EXERCISE OBJECTIVE — Each entry shown below is to be reproduced exactly.

───── EXTRACTED MATERIAL ─────

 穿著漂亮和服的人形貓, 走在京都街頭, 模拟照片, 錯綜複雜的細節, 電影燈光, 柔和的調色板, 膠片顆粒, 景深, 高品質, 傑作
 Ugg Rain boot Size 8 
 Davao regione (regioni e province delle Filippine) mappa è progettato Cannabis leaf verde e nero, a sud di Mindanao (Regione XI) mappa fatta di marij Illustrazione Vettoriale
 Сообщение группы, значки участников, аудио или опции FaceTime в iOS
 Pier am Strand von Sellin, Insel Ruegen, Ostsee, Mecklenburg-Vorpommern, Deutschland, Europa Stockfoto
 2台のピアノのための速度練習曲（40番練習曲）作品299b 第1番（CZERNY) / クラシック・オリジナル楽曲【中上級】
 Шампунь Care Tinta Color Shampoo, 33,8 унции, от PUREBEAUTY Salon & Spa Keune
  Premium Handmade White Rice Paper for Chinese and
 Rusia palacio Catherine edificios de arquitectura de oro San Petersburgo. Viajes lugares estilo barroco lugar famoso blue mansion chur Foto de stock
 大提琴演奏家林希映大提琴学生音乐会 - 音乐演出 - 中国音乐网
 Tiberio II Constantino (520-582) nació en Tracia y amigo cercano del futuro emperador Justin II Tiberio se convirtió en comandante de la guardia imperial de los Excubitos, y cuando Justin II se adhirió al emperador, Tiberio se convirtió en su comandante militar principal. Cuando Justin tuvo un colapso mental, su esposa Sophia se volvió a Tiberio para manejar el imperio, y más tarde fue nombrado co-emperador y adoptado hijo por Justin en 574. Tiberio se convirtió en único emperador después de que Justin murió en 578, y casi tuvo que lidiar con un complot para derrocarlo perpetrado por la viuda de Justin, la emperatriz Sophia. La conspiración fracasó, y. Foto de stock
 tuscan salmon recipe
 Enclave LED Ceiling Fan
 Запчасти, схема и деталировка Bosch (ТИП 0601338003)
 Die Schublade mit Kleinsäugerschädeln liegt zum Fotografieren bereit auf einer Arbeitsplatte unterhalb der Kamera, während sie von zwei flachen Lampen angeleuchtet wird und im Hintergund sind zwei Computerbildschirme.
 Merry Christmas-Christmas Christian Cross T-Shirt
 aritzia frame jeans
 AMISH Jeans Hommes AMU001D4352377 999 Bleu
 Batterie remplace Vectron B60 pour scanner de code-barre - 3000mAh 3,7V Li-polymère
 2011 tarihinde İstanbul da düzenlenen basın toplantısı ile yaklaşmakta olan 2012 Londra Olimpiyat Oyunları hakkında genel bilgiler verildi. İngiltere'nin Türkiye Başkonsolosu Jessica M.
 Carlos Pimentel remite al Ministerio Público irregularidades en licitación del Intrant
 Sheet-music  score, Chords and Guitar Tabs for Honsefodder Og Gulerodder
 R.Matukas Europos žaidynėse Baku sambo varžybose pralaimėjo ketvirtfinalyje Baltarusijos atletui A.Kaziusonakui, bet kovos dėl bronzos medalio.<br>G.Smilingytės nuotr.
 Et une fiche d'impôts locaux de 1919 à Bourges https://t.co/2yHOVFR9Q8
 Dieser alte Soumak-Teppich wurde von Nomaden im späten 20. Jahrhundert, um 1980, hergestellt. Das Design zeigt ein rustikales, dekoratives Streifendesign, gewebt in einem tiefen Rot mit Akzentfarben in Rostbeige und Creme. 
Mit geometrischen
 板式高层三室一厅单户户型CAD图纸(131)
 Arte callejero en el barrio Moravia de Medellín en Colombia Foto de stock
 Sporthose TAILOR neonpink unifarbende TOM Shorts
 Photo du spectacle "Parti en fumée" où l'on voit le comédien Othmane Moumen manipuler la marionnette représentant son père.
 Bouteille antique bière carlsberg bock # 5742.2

─────

RESPONSE TO THE EXERCISE —
 穿著漂亮和服的人形貓, 走在京都街頭, 模拟照片, 錯綜複雜的細節, 電影燈光, 柔和的調色板, 膠片顆粒, 景深, 高品質, 傑作
 Ugg Rain boot Size 8 
 Davao regione (regioni e province delle Filippine) mappa è progettato Cannabis leaf verde e nero, a sud di Mindanao (Regione XI) mappa fatta di marij Illustrazione Vettoriale
 Сообщение группы, значки участников, аудио или опции FaceTime в iOS
 Pier am Strand von Sellin, Insel Ruegen, Ostsee, Mecklenburg-Vorpommern, Deutschland, Europa Stockfoto
 2台のピアノのための速度練習曲（40番練習曲）作品299b 第1番（CZERNY) / クラシック・オリジナル楽曲【中上級】
 Шампунь Care Tinta Color Shampoo, 33,8 унции, от PUREBEAUTY Salon & Spa Keune
  Premium Handmade White Rice Paper for Chinese and
 Rusia palacio Catherine edificios de arquitectura de oro San Petersburgo. Viajes lugares estilo barroco lugar famoso blue mansion chur Foto de stock
 大提琴演奏家林希映大提琴学生音乐会 - 音乐演出 - 中国音乐网
 Tiberio II Constantino (520-582) nació en Tracia y amigo cercano del futuro emperador Justin II Tiberio se convirtió en comandante de la guardia imperial de los Excubitos, y cuando Justin II se adhirió al emperador, Tiberio se convirtió en su comandante militar principal. Cuando Justin tuvo un colapso mental, su esposa Sophia se volvió a Tiberio para manejar el imperio, y más tarde fue nombrado co-emperador y adoptado hijo por Justin en 574. Tiberio se convirtió en único emperador después de que Justin murió en 578, y casi tuvo que lidiar con un complot para derrocarlo perpetrado por la viuda de Justin, la emperatriz Sophia. La conspiración fracasó, y. Foto de stock
 tuscan salmon recipe
 Enclave LED Ceiling Fan
 Запчасти, схема и деталировка Bosch (ТИП 0601338003)
 Die Schublade mit Kleinsäugerschädeln liegt zum Fotografieren bereit auf einer Arbeitsplatte unterhalb der Kamera, während sie von zwei flachen Lampen angeleuchtet wird und im Hintergund sind zwei Computerbildschirme.
 Merry Christmas-Christmas Christian Cross T-Shirt
 aritzia frame jeans
 AMISH Jeans Hommes AMU001D4352377 999 Bleu
 Batterie remplace Vectron B60 pour scanner de code-barre - 3000mAh 3,7V Li-polymère
 2011 tarihinde İstanbul da düzenlenen basın toplantısı ile yaklaşmakta olan 2012 Londra Olimpiyat Oyunları hakkında genel bilgiler verildi. İngiltere'nin Türkiye Başkonsolosu Jessica M.
 Carlos Pimentel remite al Ministerio Público irregularidades en licitación del Intrant
 Sheet-music  score, Chords and Guitar Tabs for Honsefodder Og Gulerodder
 R.Matukas Europos žaidynėse Baku sambo varžybose pralaimėjo ketvirtfinalyje Baltarusijos atletui A.Kaziusonakui, bet kovos dėl bronzos medalio.<br>G.Smilingytės nuotr.
 Et une fiche d'impôts locaux de 1919 à Bourges https://t.co/2yHOVFR9Q8
 Dieser alte Soumak-Teppich wurde von Nomaden im späten 20. Jahrhundert, um 1980, hergestellt. Das Design zeigt ein rustikales, dekoratives Streifendesign, gewebt in einem tiefen Rot mit Akzentfarben in Rostbeige und Creme. 
Mit geometrischen
 板式高层三室一厅单户户型CAD图纸(131)
 Arte callejero en el barrio Moravia de Medellín en Colombia Foto de stock
 Sporthose TAILOR neonpink unifarbende TOM Shorts
 Photo du spectacle "Parti en fumée" où l'on voit le comédien Othmane Moumen manipuler la marionnette représentant son père.
 Bouteille antique bière carlsberg bock # 5742.2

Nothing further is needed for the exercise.